Listed records section start
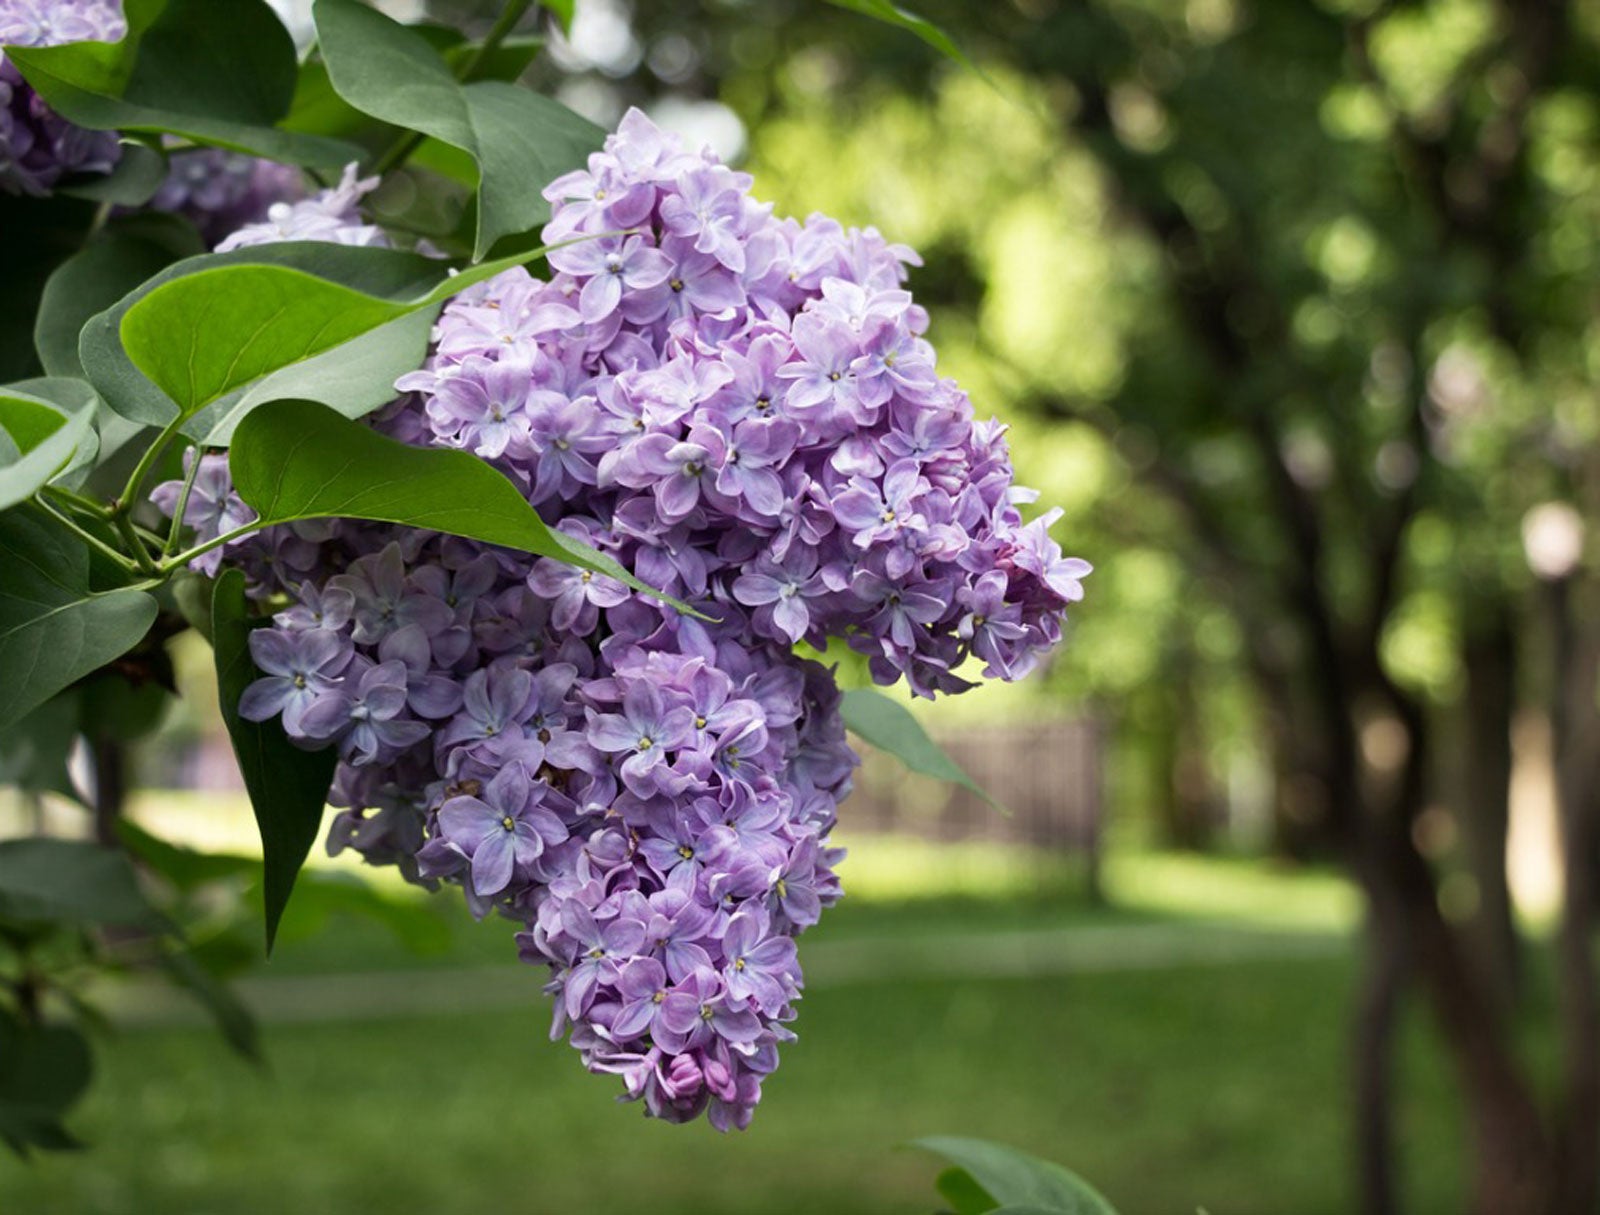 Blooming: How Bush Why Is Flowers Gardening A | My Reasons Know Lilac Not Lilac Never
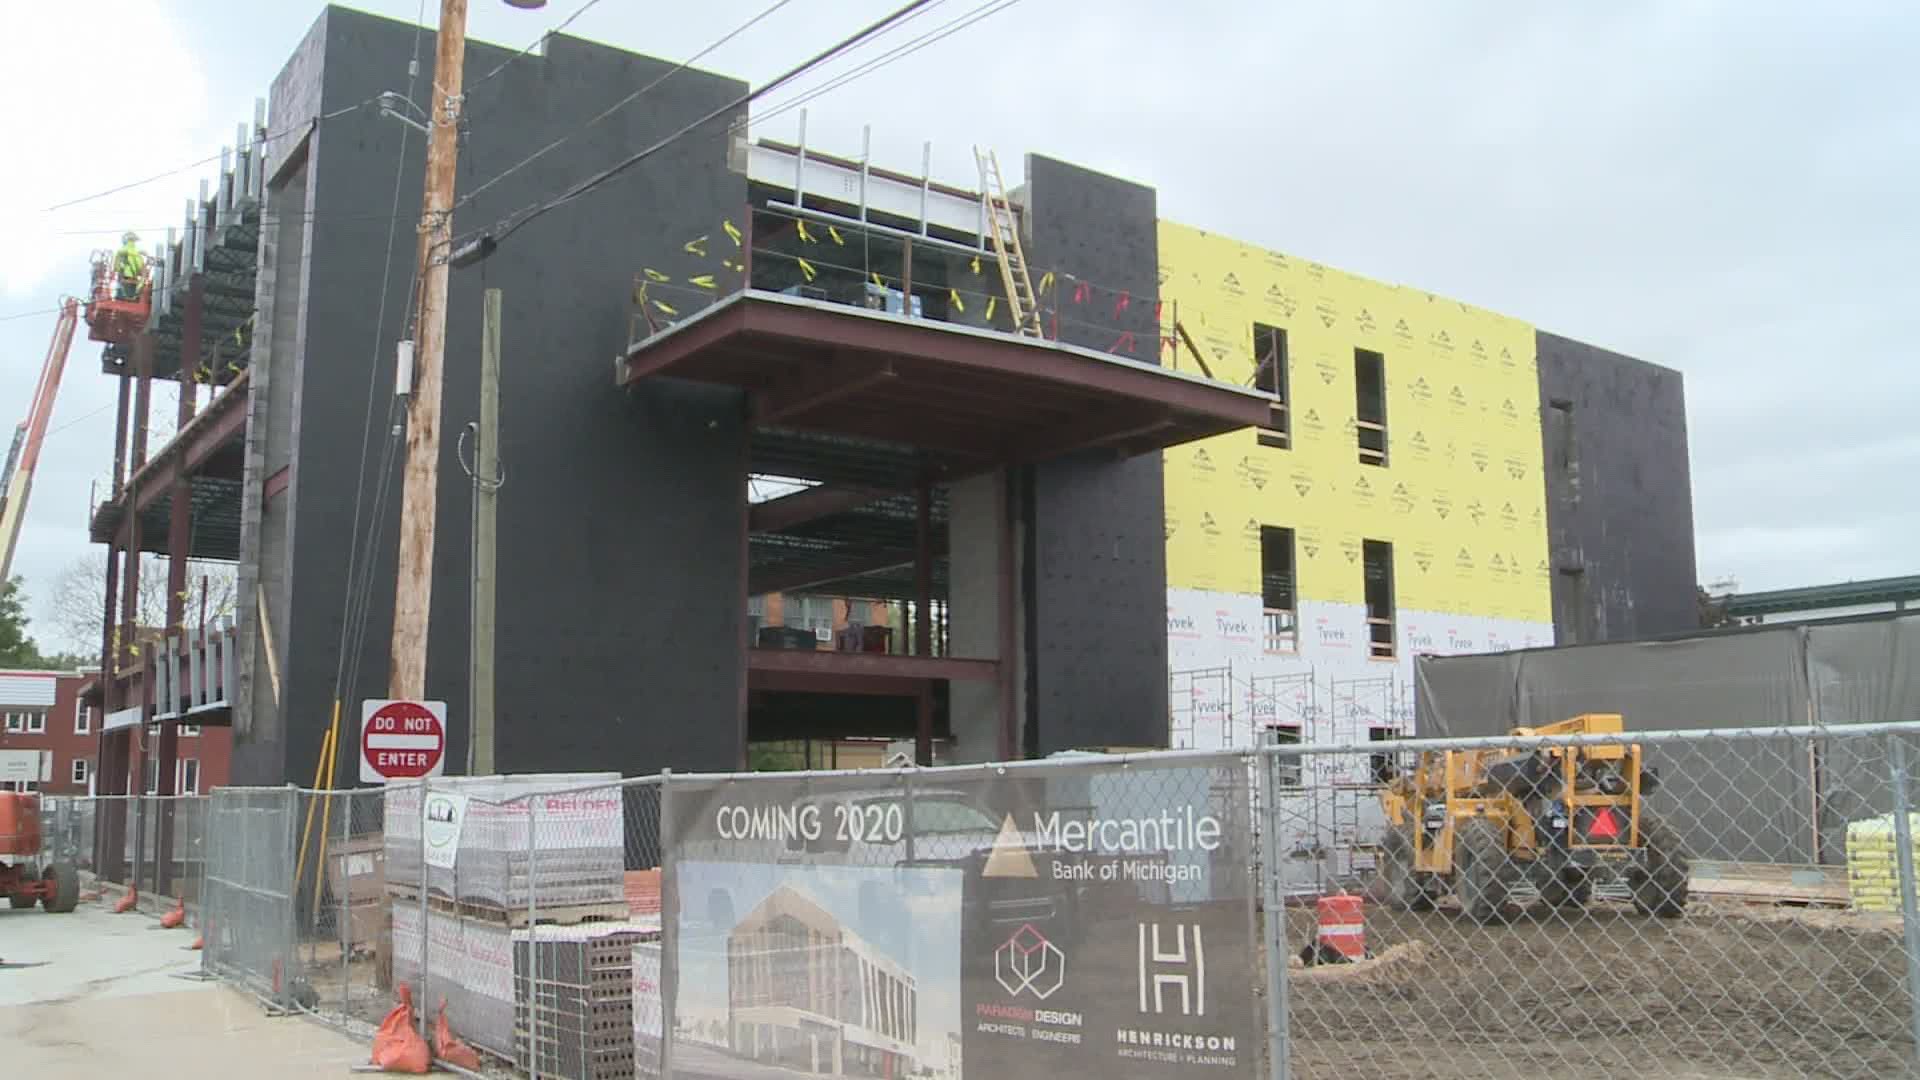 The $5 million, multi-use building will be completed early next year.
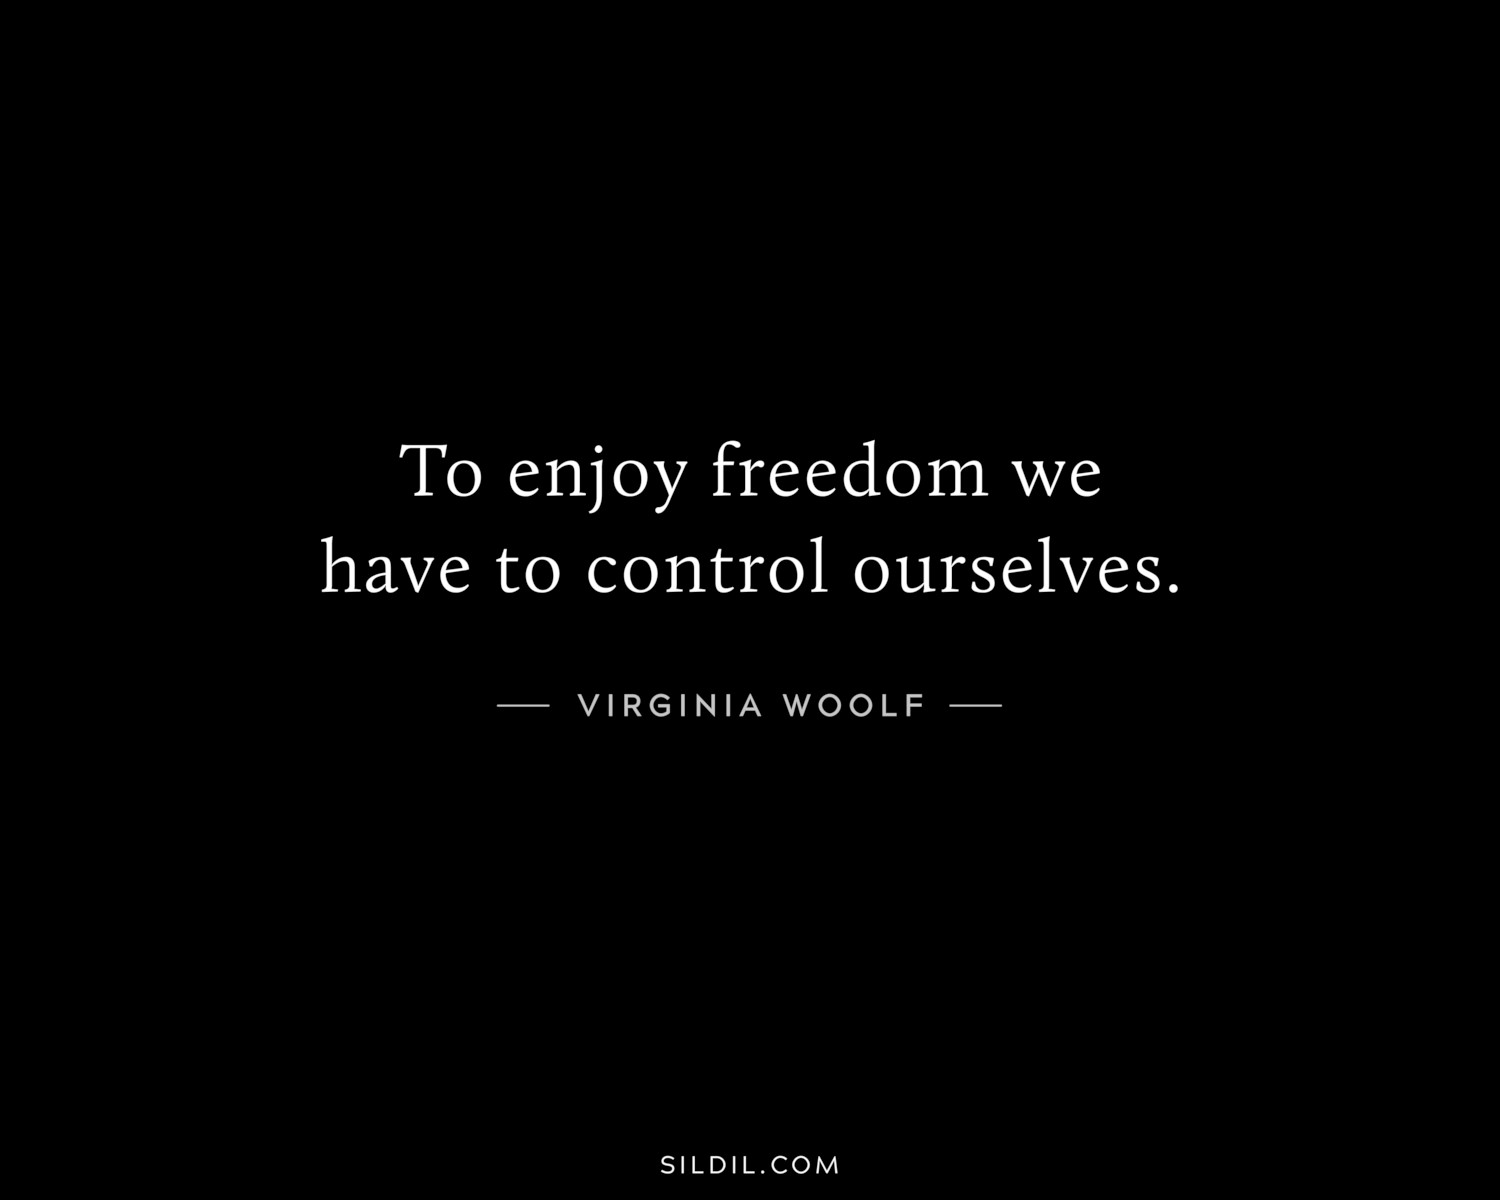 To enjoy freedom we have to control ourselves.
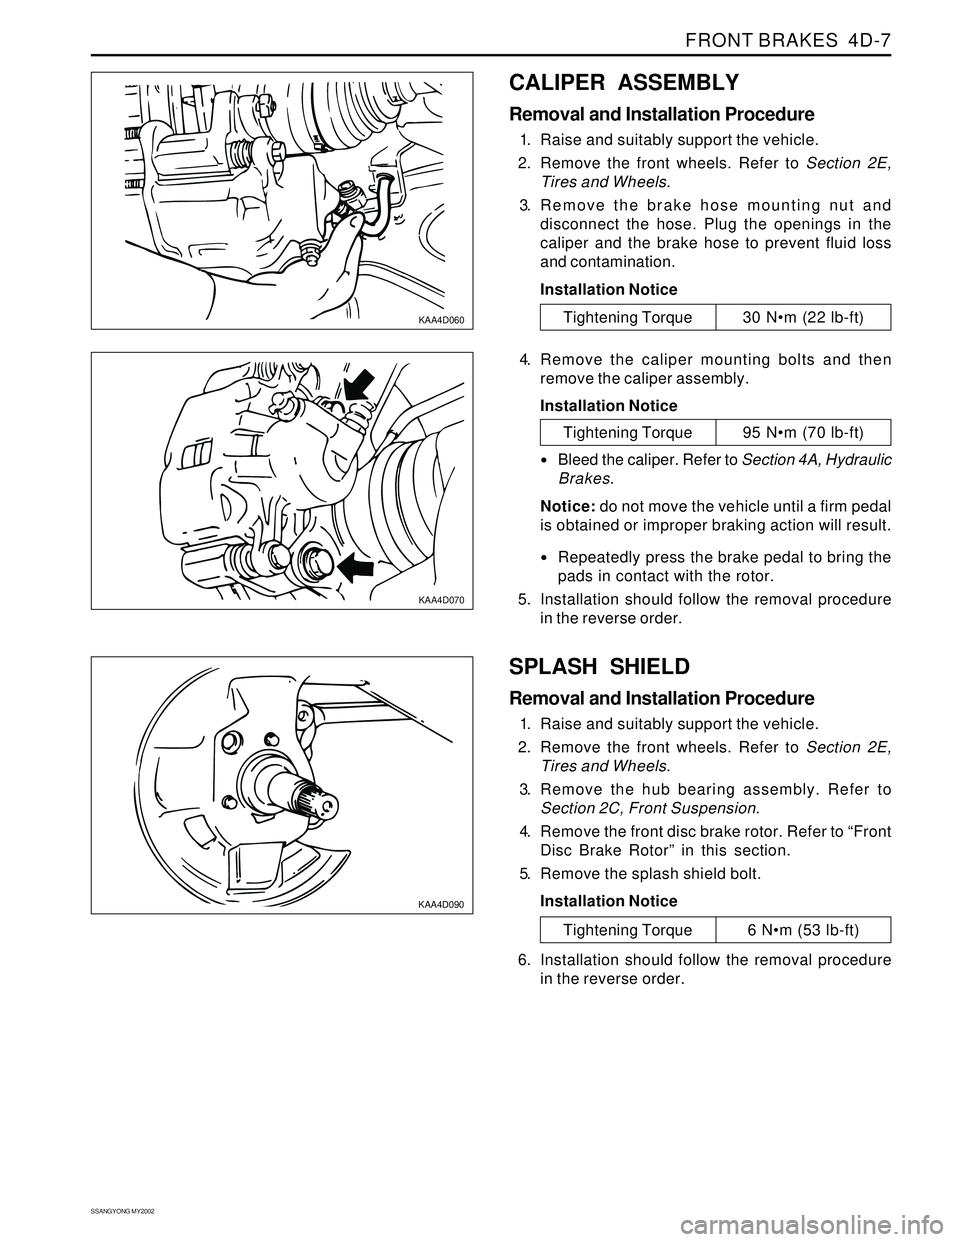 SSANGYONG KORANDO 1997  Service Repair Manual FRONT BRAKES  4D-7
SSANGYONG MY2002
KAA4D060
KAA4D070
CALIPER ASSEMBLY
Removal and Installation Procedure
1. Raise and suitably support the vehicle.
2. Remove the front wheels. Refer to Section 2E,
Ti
Listed records section end
**Work item:**
Quote exactly the line containing "SSANGYONG MY2002" and every later line through the end of the listing, and no other lines.

**Task solution:**
SSANGYONG MY2002
KAA4D060
KAA4D070
CALIPER ASSEMBLY
Removal and Installation Procedure
1. Raise and suitably support the vehicle.
2. Remove the front wheels. Refer to Section 2E,
Ti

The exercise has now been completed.